In the absence of reliable radiation results for a given component, a radiation campaign is prepared. Each individual component is tested by applying procedures that are briefly described in Ref. [11] . The higher the class of the component, the more detailed is the analysis of its response to radiation.
Several reference test standards exist for the planning and execution of the radiation tests. These are: for SEE, JEDEC Test Standard 57 [12] or ESA/SCC 25100 [13] ; for TID, MIL-STD 1019.8 [14] , ASTM F1892 [15] or ESA/SCC 22900 [16] . An extensive review of TID radiation hardness assurance standards can be found in Ref. [17] . The level of testing required depends upon the class of the component (Table 1) . At CERN, C0 components are tested in a mixed-field radiation environment equivalent to LHC tunnel conditions, thus giving a direct indication of the device's performance in the final application.
C1 components are irradiated with mono-energetic protons to measure susceptibility to SEE and TID; mixed-field tests are optional proton tests that allow assessment of SEE and TID response of a component in a much shorter time. Two or more candidate parts for each C1 position should pass type testing. If this cannot be ensured, it is possible that a return to component selection is needed to find more candidate parts.
Type-testing failure of C2 parts is critical for the project.
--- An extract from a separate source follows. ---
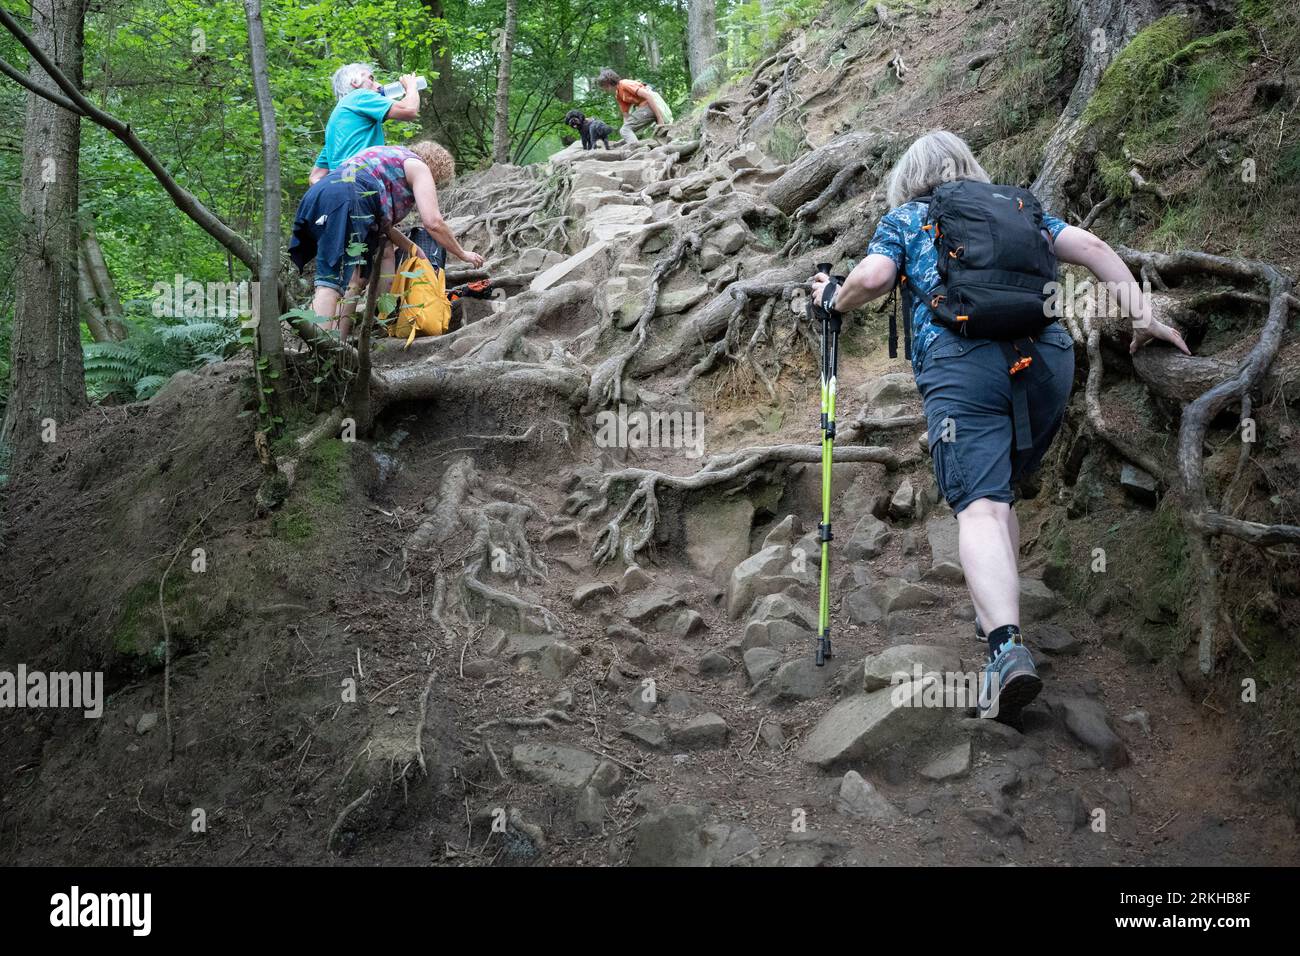 A group of friends climb a steep gradient consisting of rocks and tree roots near Ladybower Reservoir in the Peak District, on 22nd August 2023, in Sheffield, England. Stock Photo

These are tested in exactly the same way as the C1 components, with the addition of heavy-ion testing to assess SEL cross-section and the respective risk in the LHC radiation environment. At least one C2 part must be found that meets system requirements. If this is not the case the conceptual design must be revised.
-Detailed design -the remainder of the design is established, using components that performed well in type testing.
-Dependability analysis -the reliability of the system hardware is predicted, using crosssections, lifetimes and electrical characteristics. Traditional reliability engineering techniques can be used to meet system requirements.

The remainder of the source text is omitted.